If you really want to disturb your neighbors this Halloween, have I got a tip for you: get hold of a copy of Nekromantik, play it on the biggest TV screen in your house and open all your curtains and blinds so anyone who walks past your living room can get a good old eyeful. This movie will have you driven out of the neighborhood in no time. Jörg Buttgereit’s 1987 shockfest has become notorious for its subversive and highly controversial content. Depending on who you’re talking to, it’s either one of the unsung classics of the video nasties era or one of the worst films ever shit into existence. I’m here to convince you that, at the very least, it’s worth 75 minutes of your time.
Rob Schmadtke (Daktari Lorenz) works for “Joe’s Cleaning Agency,” a company that specializes in disposing of dead bodies. This line of work is highly convenient for Rob, being that he and his girlfriend Betty (Beatrice Manowski) get their kicks from fucking corpses in their spare time. As you might have guessed, Nekromantikis a depraved little movie that is as slimy and sleazy as the corpses in Betty’s bed. But that means it’s got something. It’s got atmosphere and it’s got texture. Believe it or not, Buttgereit is something of a world-builder. There’s nice background detail peppered throughout. Look out for the photo of Charles Manson in Rob and Betty’s apartment and the pentagram logo stitched into the Joe’s Cleaning Company overalls. This film exists in its own little bubble which makes for a unique viewing experience beyond all the necrophilia.
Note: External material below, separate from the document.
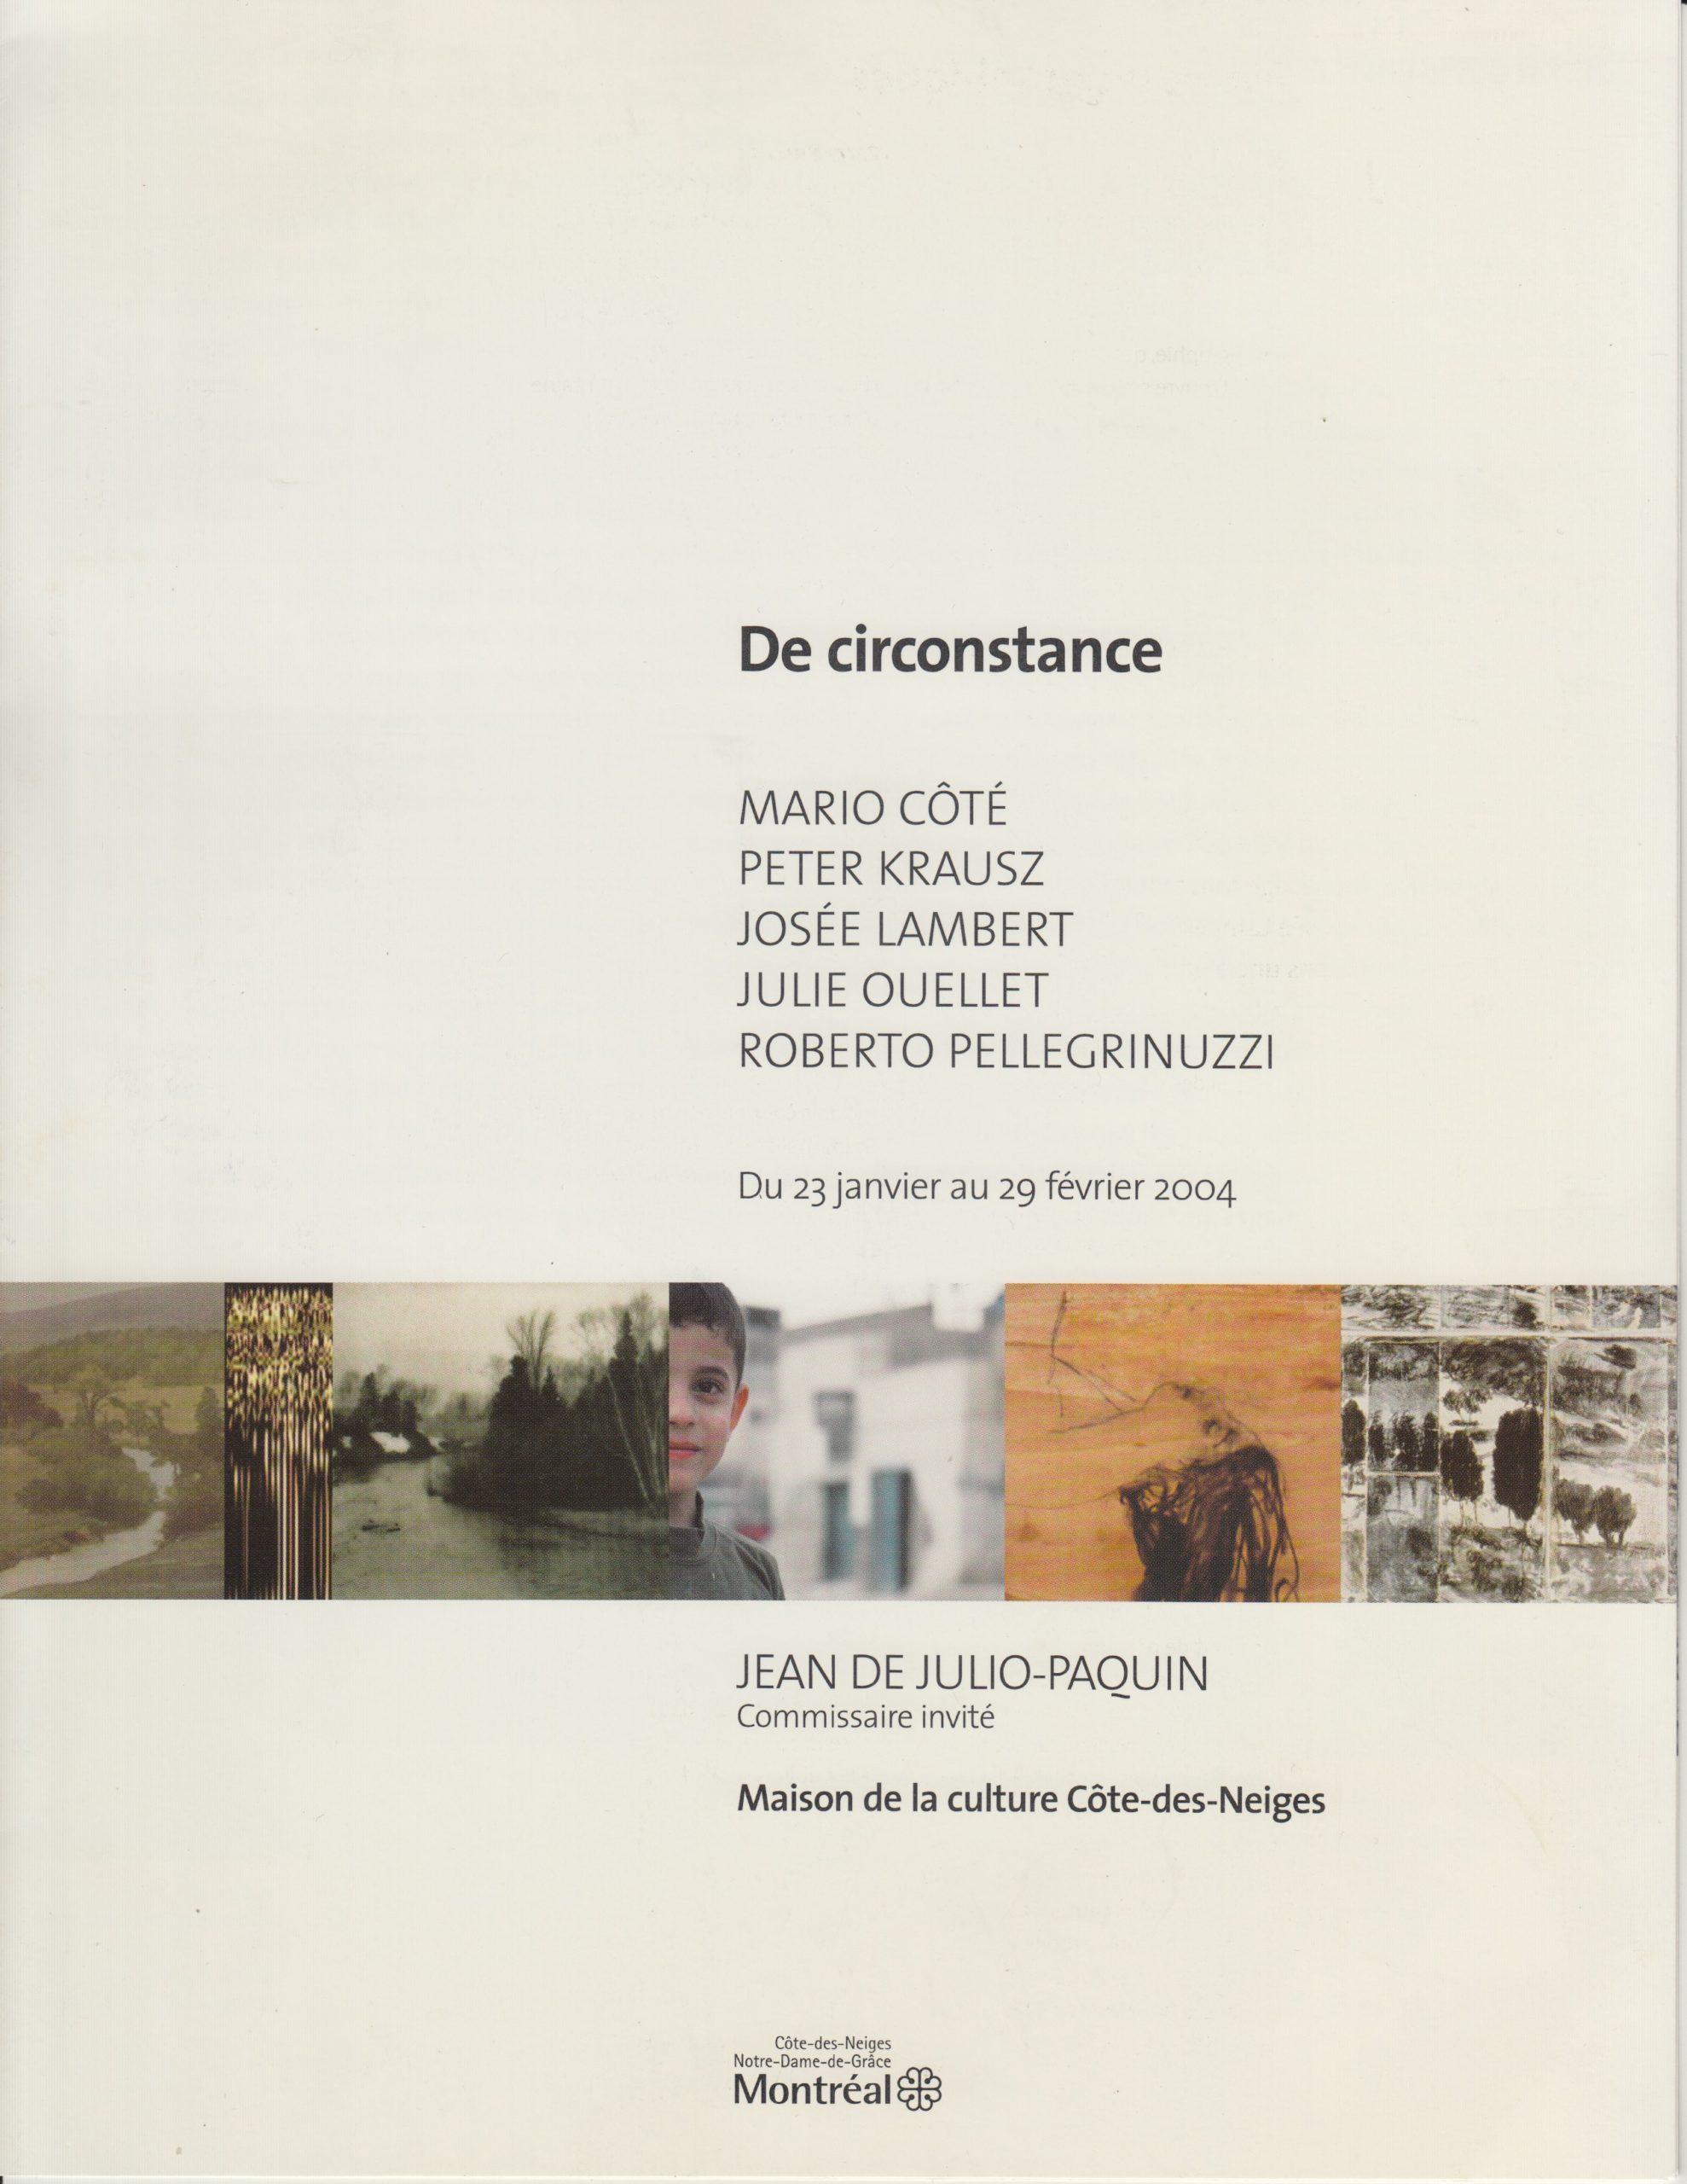 De circonstance, Jean de Julio-Paquin, 2004
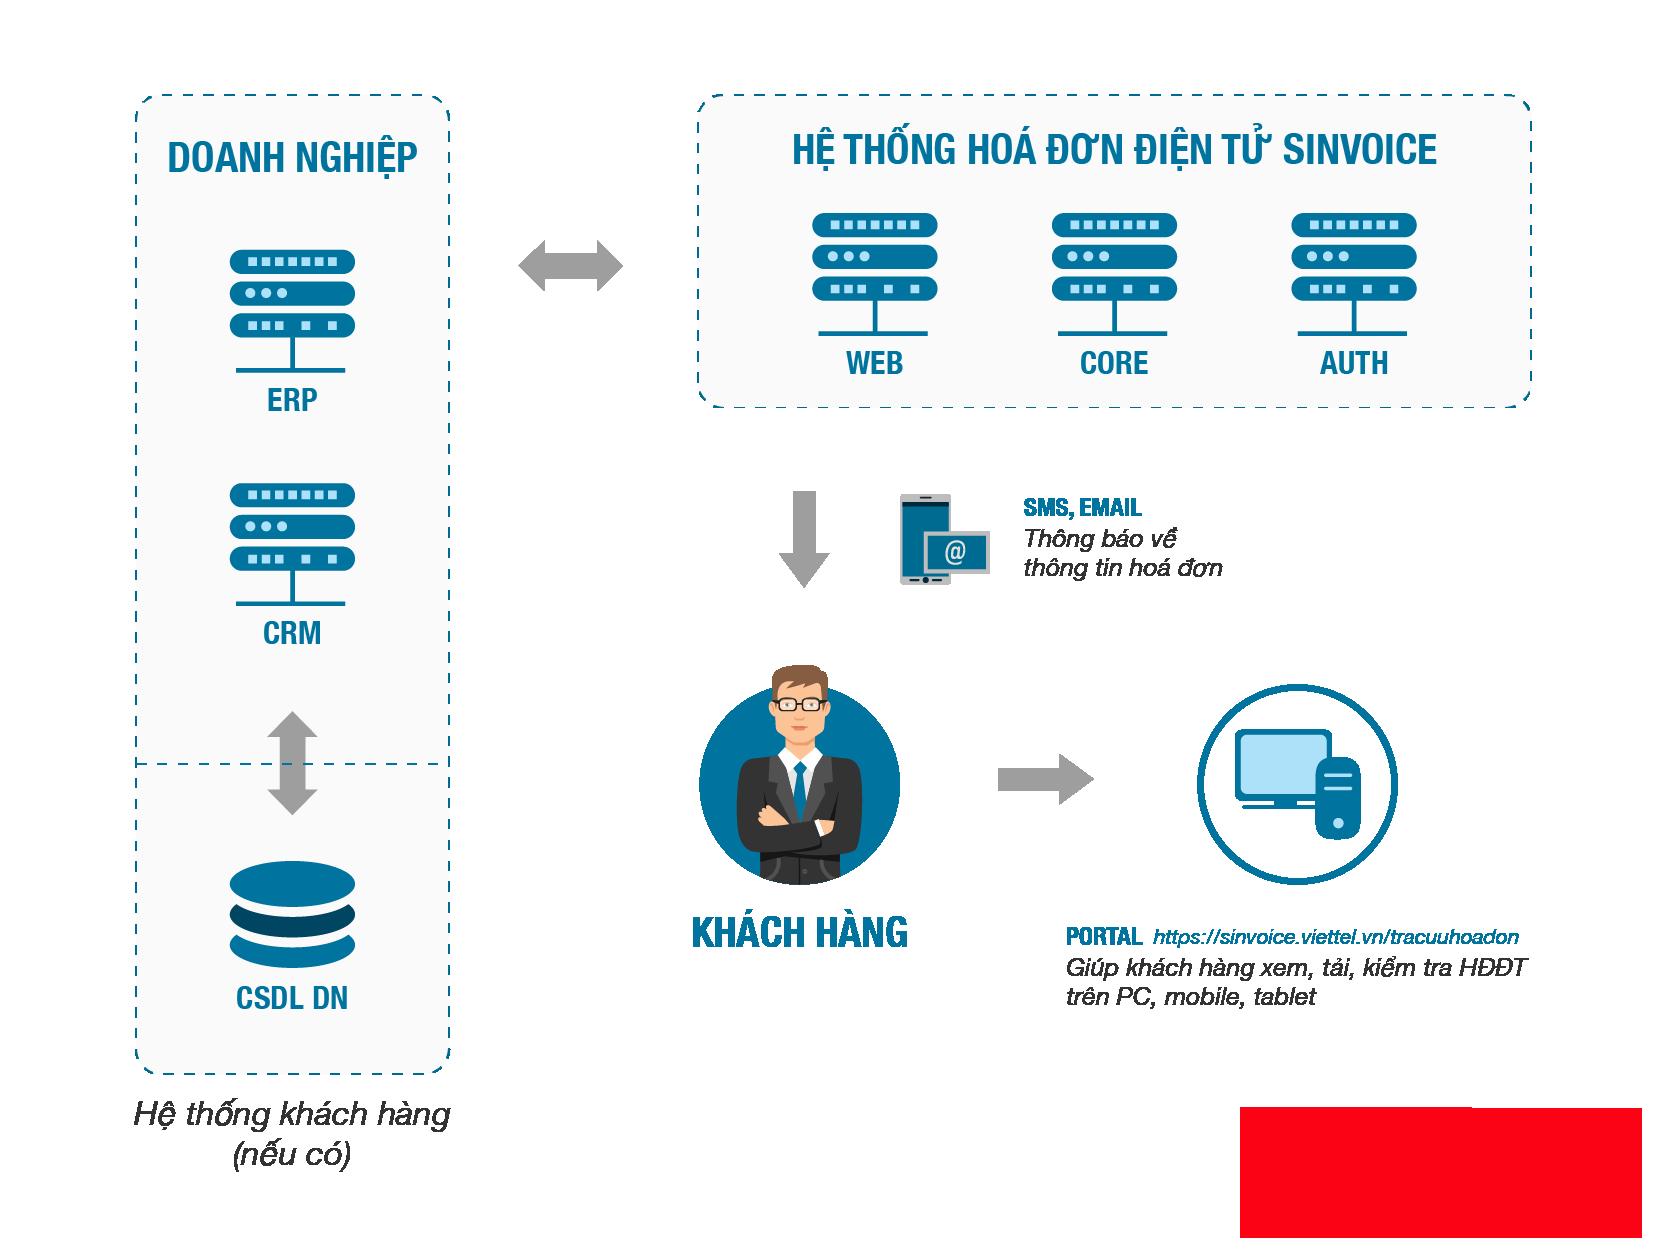 Hóa đơn điện tử giá rẻ do Viettel cung cấp tích hợp sẵn tính năng gửi tin nhắn SMS

Now, full disclosure, there are scenes in this film some will find incredibly disturbing. Corpse-fucking aside, there is also real footage of a rabbit being slaughtered, so if that stuff doesn’t agree with you, stay well away. Nekromantik, by design, is a nasty picture and all the grotesque sights amount to a handful of memorably icky images. You’ll remember the bedsheets stained with dead-body gloop, the flies buzzing around Rob’s apartment, and the slime that rubs off of the body whenever Betty decides to get freaky with it. One of the film’s most infamous moments features Betty using a piece of metal piping as a substitute for the dead body’s decomposed penis, but she’s still a practitioner of safe sex–she slips a condom over the pipe before mounting it. You don’t forget shit like that in a hurry. You’ll feel the need to disinfect your living room after watching Nekromantikbecause the smell of rotting flesh practically oozes from the screen and onto your clothes. It’s not that the special effects are convincing–they’re not–but there’s something inherently repulsive about the film that really makes it effective as a visceral piece of work.
Buttgereit–who made a string of cheap horror movies in the West Germany throughout the 80s but none that had the international impact of Nekromantik–shot the film on Super 8 with a shoestring budget, and I was actually gobsmacked to discover it was made in the late eighties and not the early seventies. The film looks much older and more forbidden than it really is, which adds to its identity. I think this, combined with the taboo nature of the central ideas, suggests a film that is far more unappealing in reputation than reality. To watch Nekromantik and write it off as a sick and disposable cheapie about necrophilia is to miss half of the point because, surprise surprise, the film is also very funny. Poor Rob hardly catches a break throughout the entire film and Betty is constantly finding ways to emasculate him. When he is fired from his job for having stinky work overalls, of all things–grave robbing can do that to you–Betty packs up and leaves his sorry ass, taking the corpse with her! To Betty, even a rotting cadaver is more of a man than her useless boyfriend.
The film is quite experimental at times too and frequently blurs the line between dreams and reality. It’s not the most original trope, but it enhances the idea that Nektromantik is a peek into the sickest corners of the human psyche. It’s an exploration of the repressed and depraved, fertile ground for making a horror movie. Also take into consideration that Buttgereit himself wasn’t exactly a blockbuster name in the genre but still committed himself to making a film so intensely yucky. It’s not like he could finish the film and show his mother and family friends. This is the kind of thing uptight parents disown their kids for! To make a low-budget horror movie is one thing, but to make Nektomantik is something else entirely. It takes serious balls to bring a film like this into the world, and the horror genre thrives off of filmmakers with that kind of conviction. My hat goes off to Buttgereit and co-writer Franz Rodenkirchen for tapping into the darkest depths of their imagination and not holding back for a second.
Thankfully, Nekromantik makes up for its grueling content by clocking in at a nicely digestible 75 minutes. If even that sounds like a lot of time to spend in this world, I promise it’s worth the endurance as the film concludes with one of the wildest and most excessive final scenes I’ve ever seen. I’m not going to spoil it by going into specifics but let’s just say it gets my vote for the greatest “climax” in horror film history. If you think by minute 70 that Buttgereit has pushed things as far as he’s willing to go, hang tight and let him prove you wrong. Oh, and don’t forget to keep those curtains closed if you’re wanting to keep your place in society.